HUMILDE TRABAJADOR. El chofer del ómnibus era padre de dos niños y se aprestaba a tomar el turno.
23 Octubre 2002
SILVER SPRING.- El francotirador reapareció ayer y dio muerte de un disparo en el pecho al conductor de un ómnibus, en el condado de Montgomery, Maryland. Con este hecho suman diez los muertos y tres los heridos por el asesino serial que, además, dirigió a la policía un mensaje con amenazas específicas contra los niños. "Sus hijos no están seguros, dondequiera que estén, en ningún momento", dice el mensaje leído por el comisario Charles Moose, quien dirige la investigación.
El chofer, de 35 años y padre de dos niños, murió en un hospital a causa de la herida de bala. Fue alcanzado mientras se encontraba de pie sobre el último escalón del ómnibus para tomar el turno laboral. Un solo disparo, la proximidad de una zona boscosa y la fuga son los elementos que hacen pensar que se trata del mismo asesino que desde el 2 de octubre tiene en vilo al país.

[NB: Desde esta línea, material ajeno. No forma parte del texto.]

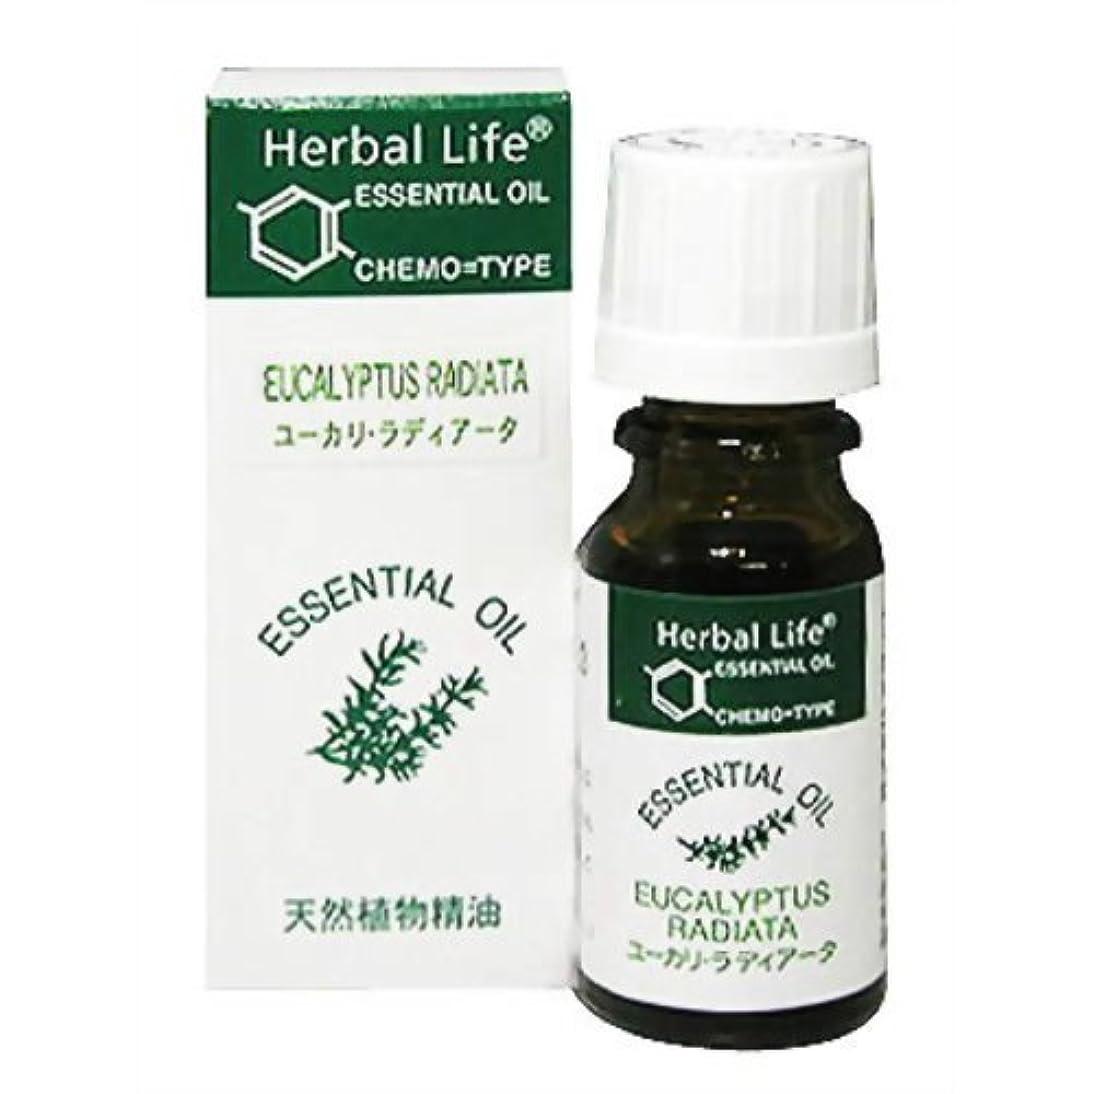 デザイナー相談胚Herbal Life ユーカリ?ラディアータ 10ml

Tras el atentado, la policía cerró las principales carreteras y registró vehículos, especialmente los conducidos por hombres. Sin embargo, el francotirador logró escapar una vez más, pese al rápido despliegue de agentes del orden, respaldados por helicópteros y perros entrenados. Todos los organismos de seguridad, incluidos el FBI y el Servicio Secreto, se unieron a la persecución. Participa también un avión espía del Pentágono, que sobrevuela día y noche la región en procura de detectar al individuo con aparatos electrónicos de última generación.

La postdata del mensaje
Moose indicó que la amenaza a los niños, en forma de postdata, forma parte de un mensaje más general, cuyo contenido no fue revelado pero que será respondido, informó. El oficial admitió que el asesino es capaz de matar a personas sin distinción de edad, raza, sexo, en cualquier día y lugar, y a cualquier hora.

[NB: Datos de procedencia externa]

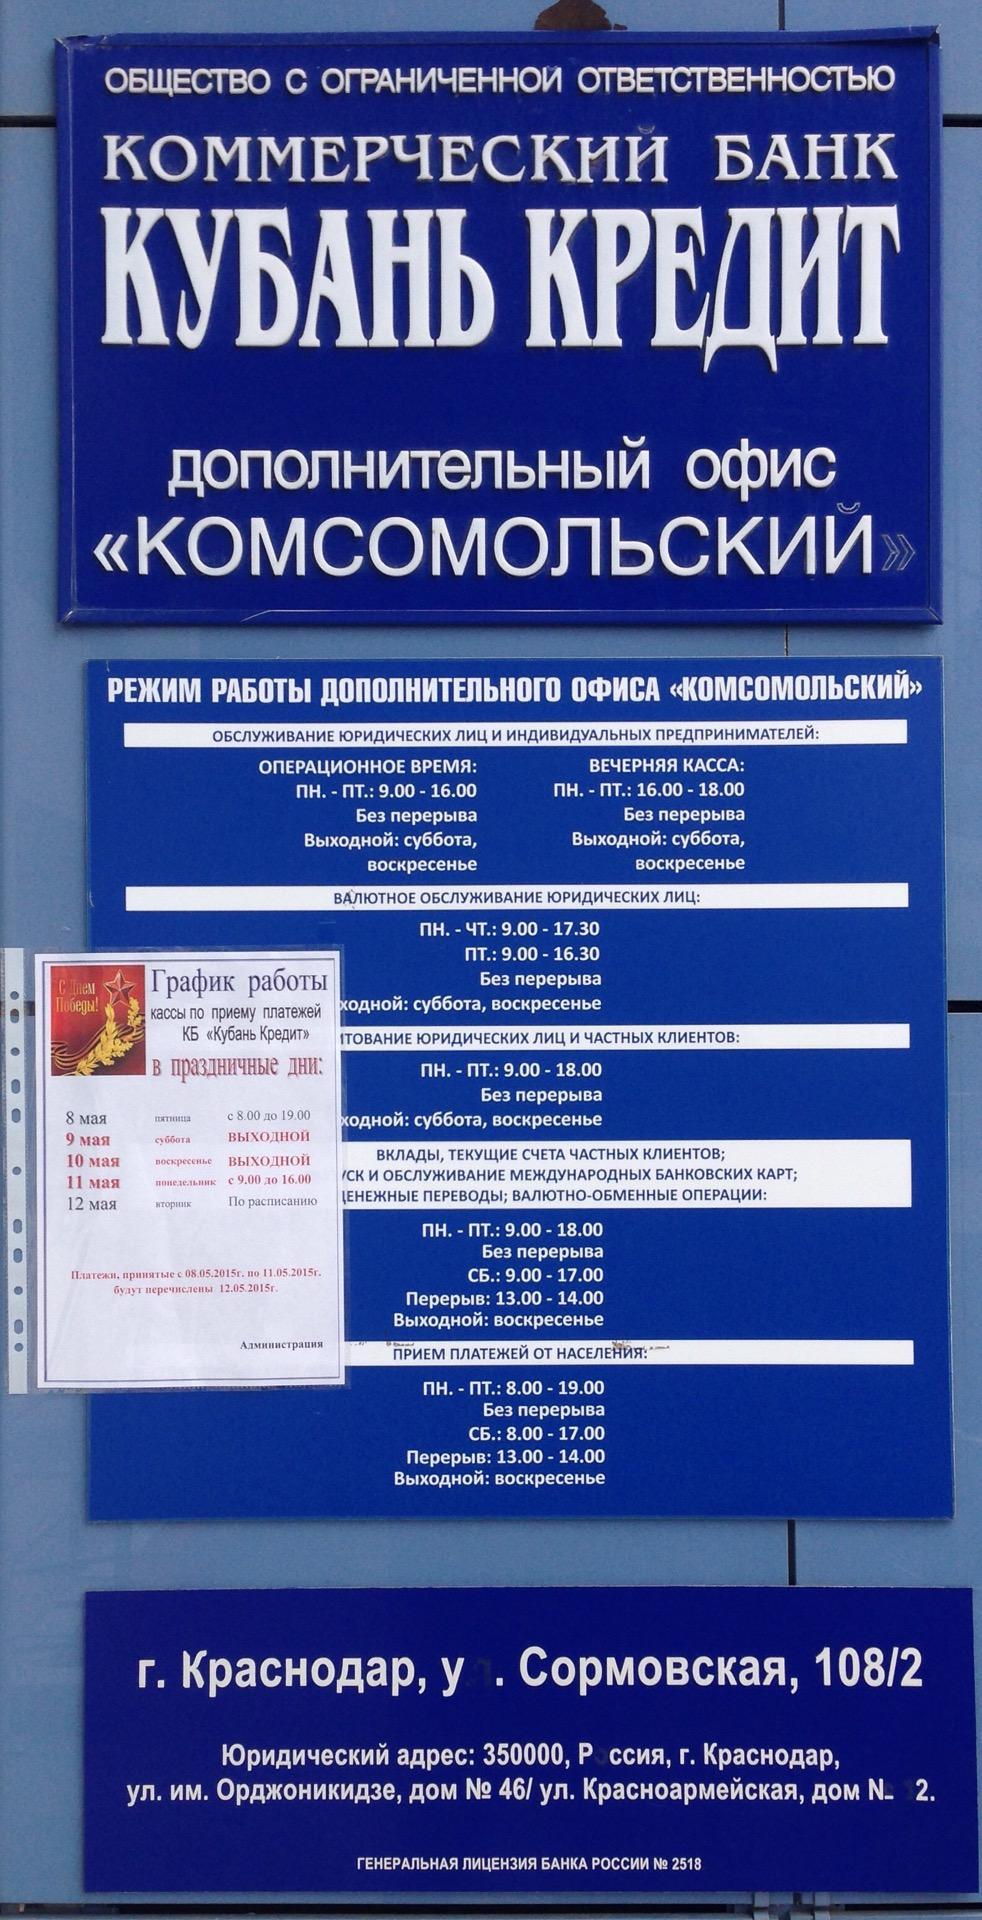 кубань кредит банк краснодар графикоформить займ на долгий срок

Este último ataque, ocurrido a las 6 hora local, rompió la rutina en la hora de mayor tránsito en la capital estadounidense, sembrando el caos apenas un día después de que se desvanecieron las esperanzas de que los investigadores hubieran resuelto el caso. El asesinato ocurrió cerca del lugar donde fueron perpetrados los primeros ataques, hace casi tres semanas. La víctima del sábado último continuaba anoche en un hospital en grave estado. La bala calibre 5,56, que usa el francotirador, causó daños muy serios, dijo un médico.

Refugiados en las escuelas
Un espeso clima de miedo mezclado con rabia se extiende por la región. Las escuelas mantienen a cientos de miles de estudiantes en el interior de los establecimientos desde hace dos semanas y las actividades al aire libre han sido canceladas. Algunas escuelas, como las que funcionan en Ashland y otras del área alrededor de Richmond, capital de Virginia, estaban cerradas ayer, incluso antes del último ataque. Los residentes, muchos de los cuales fueron atraídos al área por sus múltiples parques y lugares de recreo, están cada vez más frustrados por tener que restringir sus actividades.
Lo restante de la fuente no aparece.